_EXERCISE INSTRUCTIONS_: Beginning with the line that contains "Long Vowels Archives - Literacy Learn", print each line to the end of the data exactly. Omit the pictures.

──────── COLLECTED DATA ────────

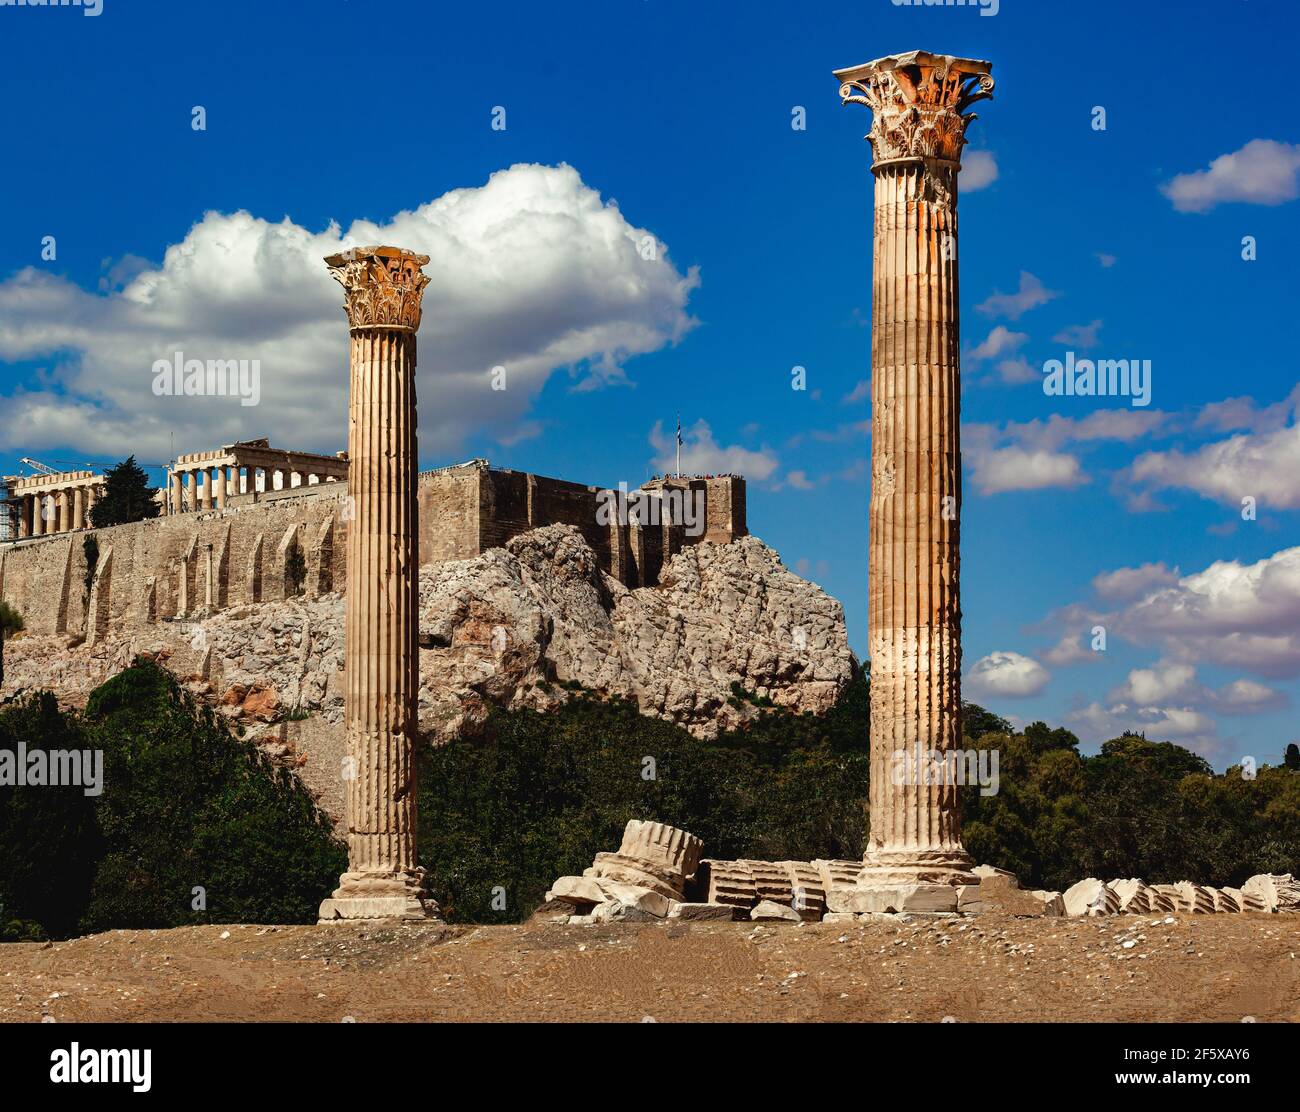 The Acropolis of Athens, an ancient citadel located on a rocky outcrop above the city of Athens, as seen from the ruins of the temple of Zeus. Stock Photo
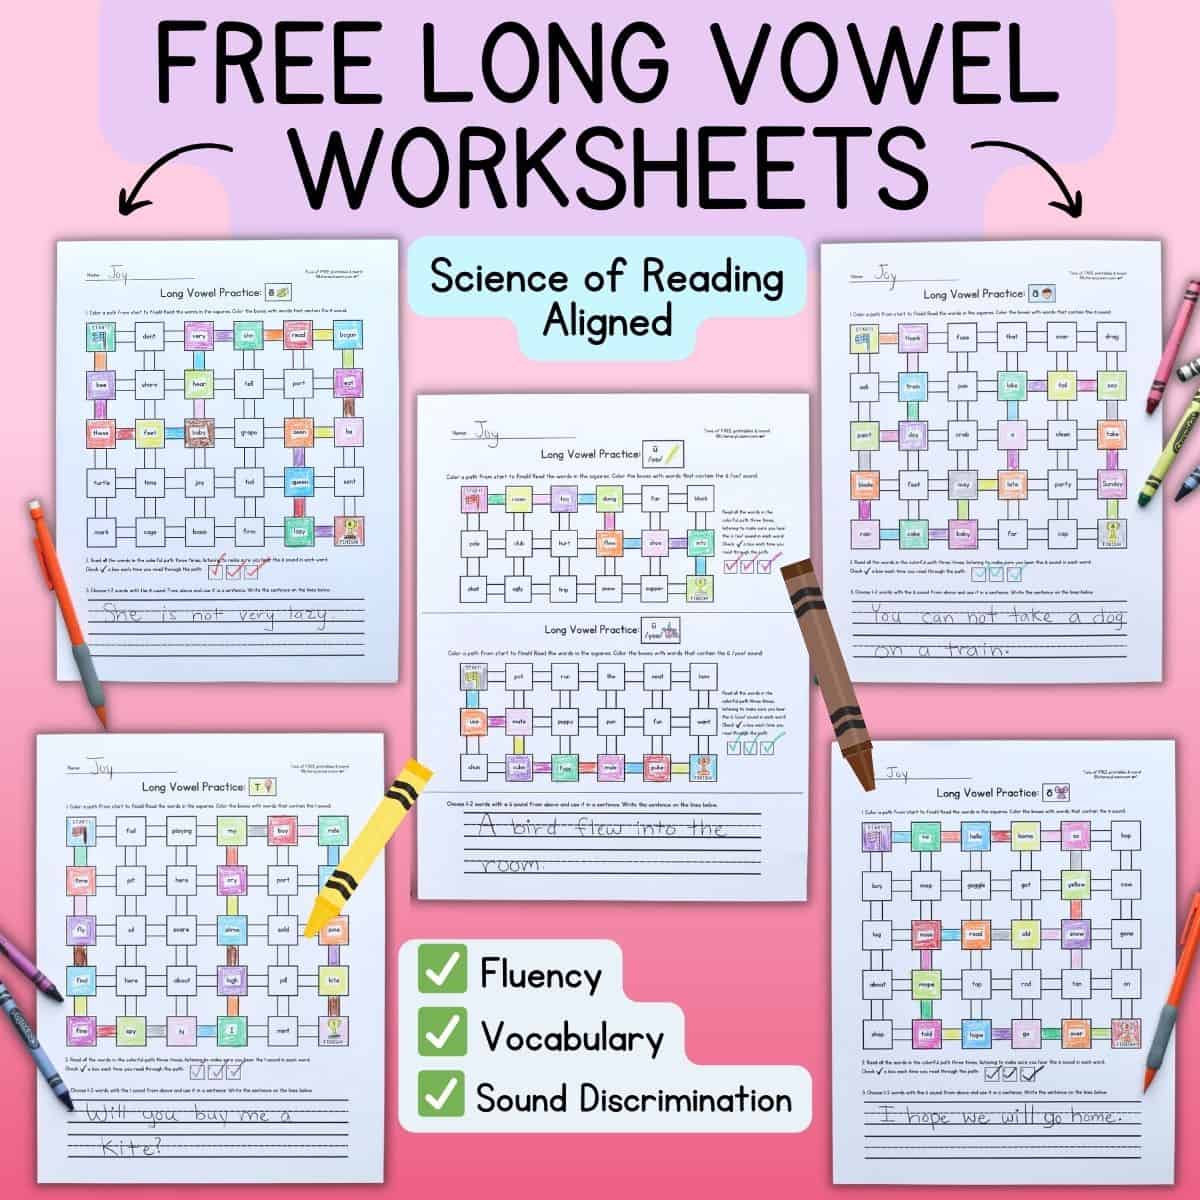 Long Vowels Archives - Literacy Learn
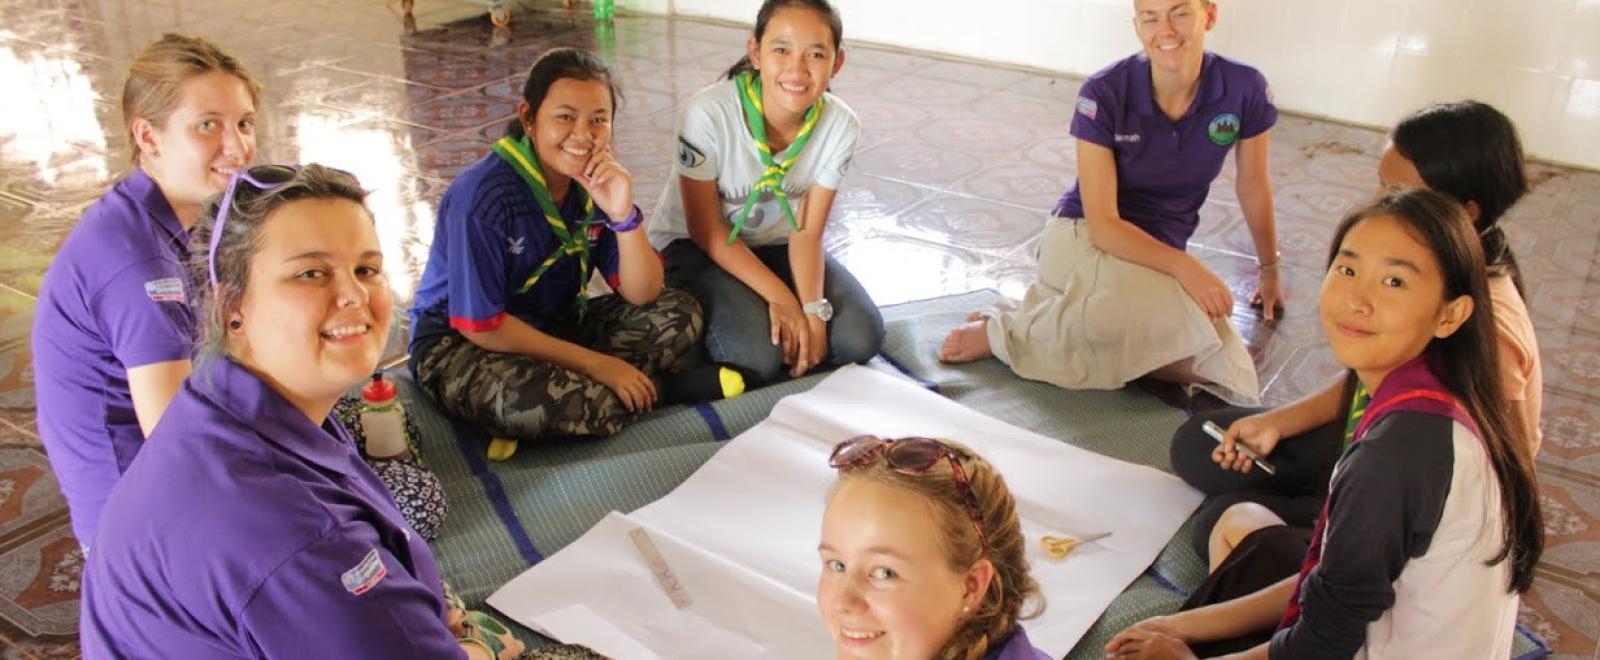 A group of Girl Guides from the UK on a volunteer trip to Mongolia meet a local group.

────────

_RESPONSE_:
 Long Vowels Archives - Literacy Learn
 A group of Girl Guides from the UK on a volunteer trip to Mongolia meet a local group.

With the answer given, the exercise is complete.